In our example, $C=2^{20}/2 \lg(2^{20}/2) + 2^{20}= 11010048$ comparisons compared to $2^{20} \lg(2^{20}) = 20971520$ when run sequentially. For large values of $n$, $n/p \lg(n/p)$ dominates $n$, therefore the complexity of the parallel algorithm is $O(n/p \lg(n/p))$.

Can we do any better?

For a given value of $n$, what do you think is the value of $p$ that reduces the running time to $O(n)$? If we take $n=2^{20}$ and plot complexity against $p = \{ 2, 4, 8, 16, 32\}$ we get the diagram below.

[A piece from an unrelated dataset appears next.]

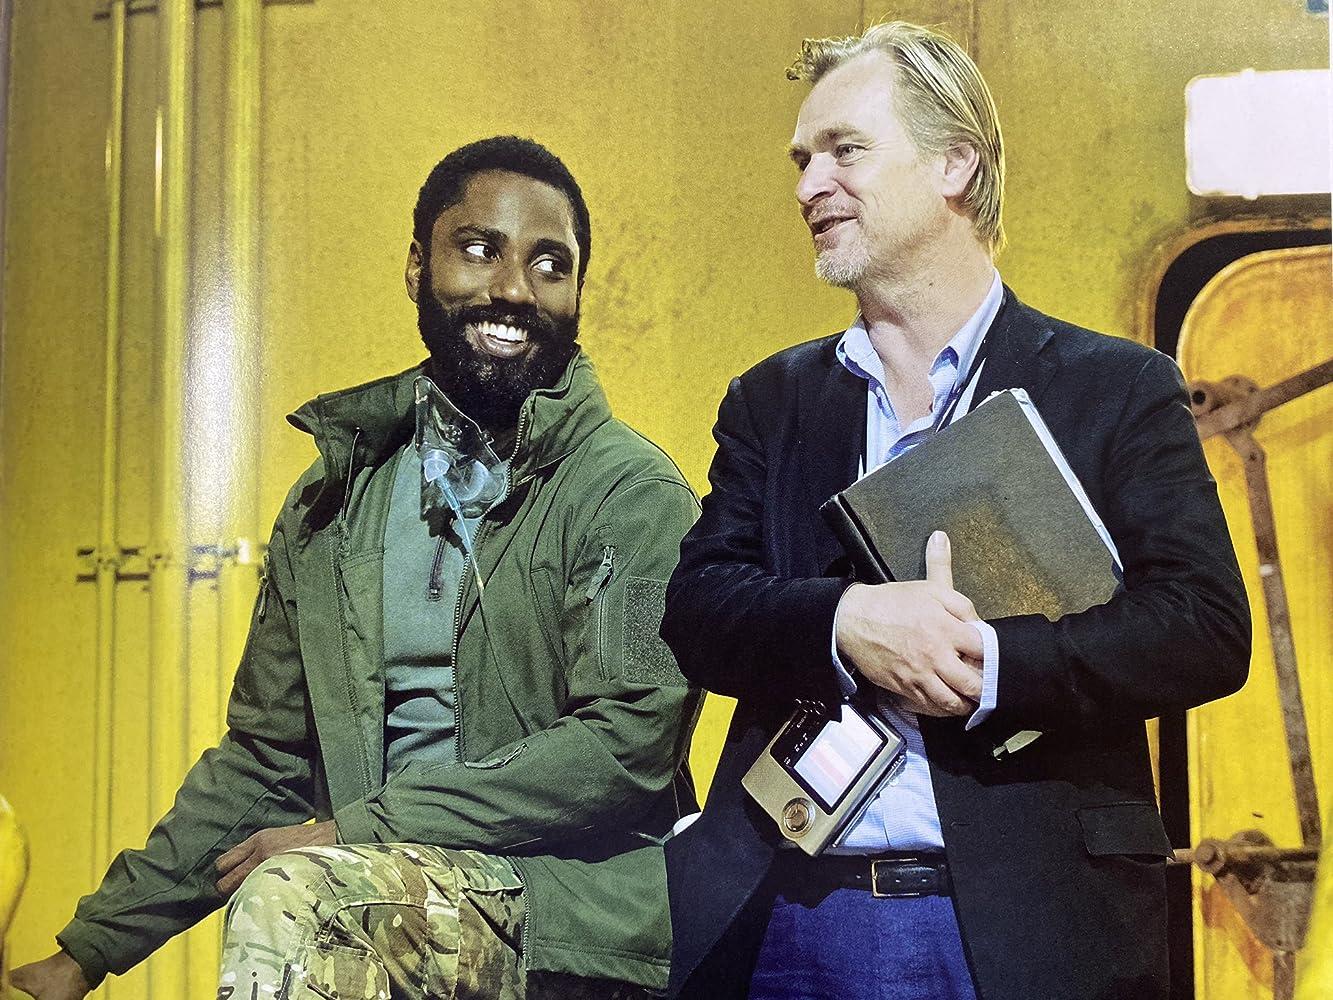 Christopher Nolan and John David Washington in Tenet (2020)

In this diagram, we also plotted the horizontal line $y=2^{20}$. The intersection of this line with the plot of $\displaystyle f(p) = \frac{n}{p} \lg(\frac{n}{p})$ gives us the value of $p$ such that the total comparisons is already linear, that is,

$\displaystyle f( p ) = n$
$\displaystyle \frac{n}{p} \lg(\frac{n}{p}) = n$

To get the value of $p$ numerically, we have to solve the root of the equation

$\displaystyle g( p ) = \frac{n}{p} \lg(\frac{n}{p}) - n = 0$

Simplifying,

$\displaystyle \frac{1}{p} \lg(\frac{n}{p}) - 1 = 0$
$\displaystyle \lg(\frac{n}{p}) = p$
$\displaystyle \frac{n}{p} = 2^p$
$\displaystyle p2^p - n = 0$

Since this is a non-linear equation, we can solve this using the Newton's method. It is a method to compute the roots by approximation given an initial value of the solution. Starting from a guess solution $p_1$, the root can be approximated using the recursive formula

$\displaystyle p_{n+1} = p_n - \frac{g( p_n)}{g\prime ( p_n)}$

where $g\prime ( p )$ is the first derivative of $g( p )$. Applying the rules of derivatives, we get

$\displaystyle g\prime ( p ) = p\cdot 2^p \ln 2 + 2^p$

Substituting this to the formula for Newton's method, we get

$\displaystyle p_{n+1} = p_n - \frac{p2^p - n}{p2^p \ln 2 - 2^p}$

Below is an R code using newton’s method to compute the root of the equation $g(p)$.

g=function(n,p){
p* 2^p - n
}

gprime=function(n,p){
p*2^p *log(2) - 2^p
}

newton=function(p,n,iter){
tmp = p
for(i in 1:iter){
p=p-g(n,p)/gprime(n,p)

if(abs(p-tmp)< 0.0001){
break
}

print(p)
tmp=p
}
print(p)
}



Running this code, we get the value of $p = 16$:

> newton(15,n,100)
[1] 16.80905
[1] 16.08829
[1] 15.98603
[1] 16.00286
[1] 15.99944
[1] 16.00011
[1] 15.99998
[1] 16


Ignoring network latency, by distributing the input evenly into 16 processors, we get a running time of $O(n)$ time complexity for $n=2^{20}$ array of items. Therefore, instead of doing 20 million comparisons, you only need 1 million comparisons to sort 1 million objects.

In this age of multicore processors, parallel computing is fast becoming the norm than the exception. Learning to harness the power of multicores is becoming an extremely handy skill to have.